Search code examples
jsondatabase-designrelational-databaseiotnon-relational-database

Best IoT Database?


I have many IoT devices sending data currently to MySQL Database.

I want to port it to some other Database, which will be Open Source and provide me with:

  • JSON support
  • Scalability
  • Flexibility to add multiple columns automatically as per payload
  • Python and PHP Support
  • Extremely Fast Read, Write
  • Ability to export at least 6 months of data in CSV format

Solution

  • Shaping your database based on input data is a mistake. Think of tomorrow your data will be CSV or XML, in a slight different format. Design your database based on your abstract data model, normalize it and apply existing data to your model. Shape your structure based on what input you have and what output you plan to get. If you retrieve the same content as the input, storing data in files will be sufficient, you don't need a database.

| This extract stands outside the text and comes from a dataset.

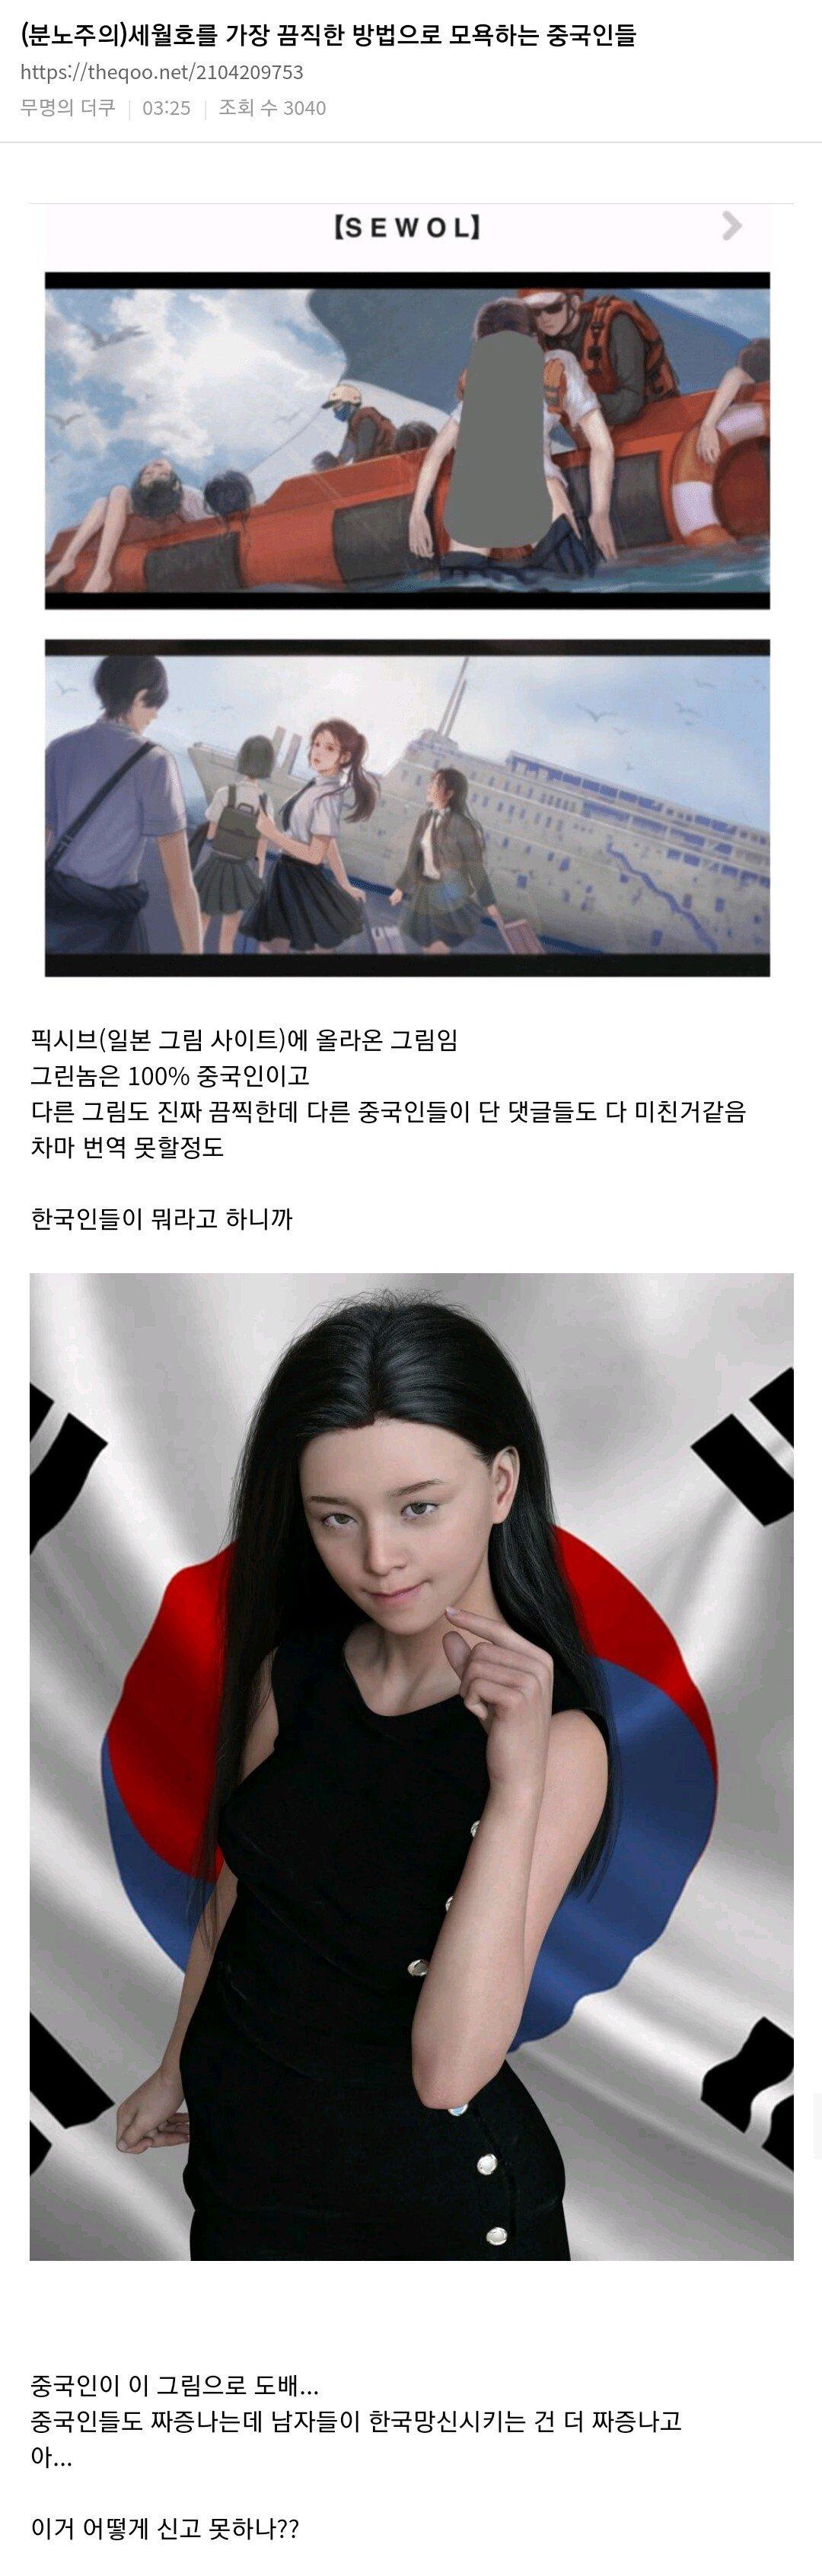 2021-8-4_7-44-13.JPEG 세월호 모독한 중국인 여초반응

    Also, you don't want to store "raw" records the database. Even if your database can compose a data record out of the raw element at run time, you cannot run a selection based on a certain extracted element, without visiting all the records.

    Most of the databases allow you to connect from anywhere (there is not such thing as better support of PostgreSQL in Java as compared to Python, but the quality and level of standardization for drivers may vary). The question is what features shall your driver support. For example, you may require support for bulk import (don't issue large INSERT sets to the database).

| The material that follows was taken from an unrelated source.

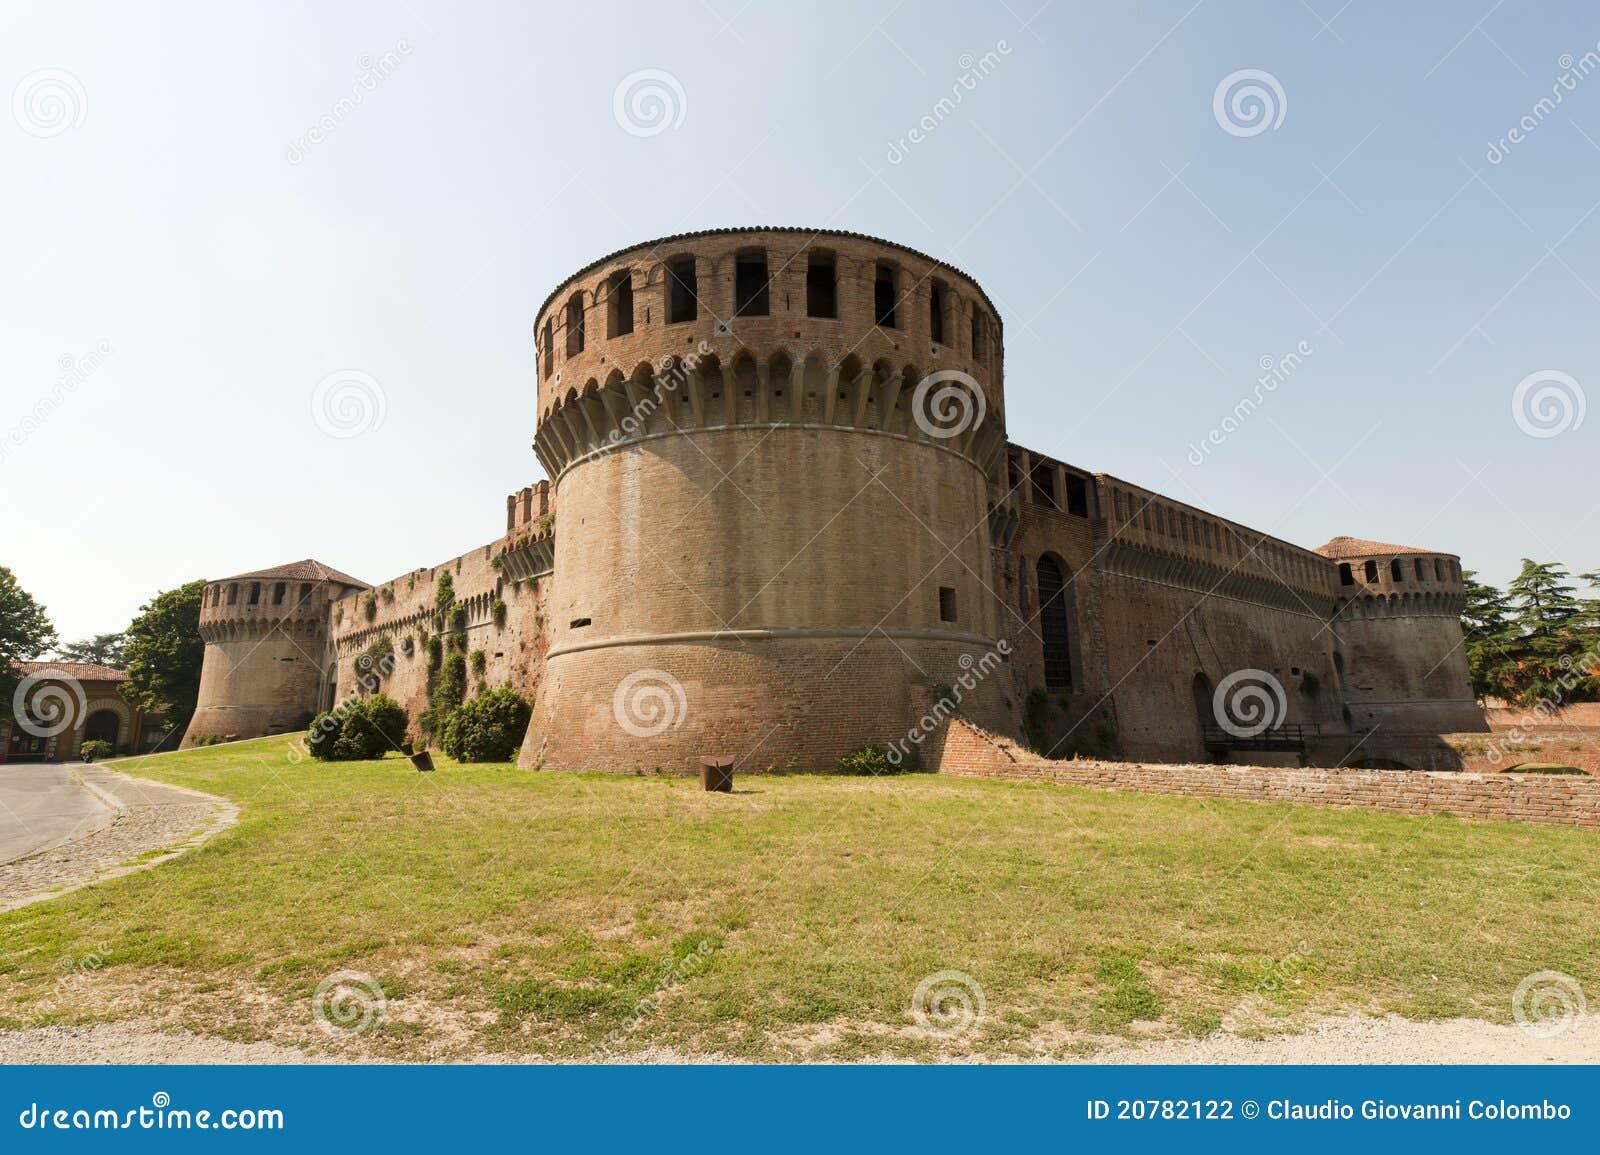 Imola Italy  city photos gallery : Imola Italy Medieval Castle Stock Photography Image: 20782122

    What you actually look for is:

    • scalability: can your database grow with your data? Would the DB benefit of adding additional CPUs (MySQL particularly doesn't for large queries). Can you shard your database on multiple instances? (MySQL again fails to handle that).
    • does your model looks like a snowflake? If yes, you may consider NoSQL, otherwise stay away of it. If you manage to model as a snowflake (and this means you are open for compromises) you may use anything like Lucene based search products, Mongo, Cassandra, etc. The fact you have timeseries doesn't qualify you for NoSQL. For example, you may have 10K devices issuing 5k message types. Specific data is redundantly recorded at device level and at message type level. In that case, because of the n:m relation, you don't have the snowflake anymore.
    • why do you store the data? What queries are you going to issue?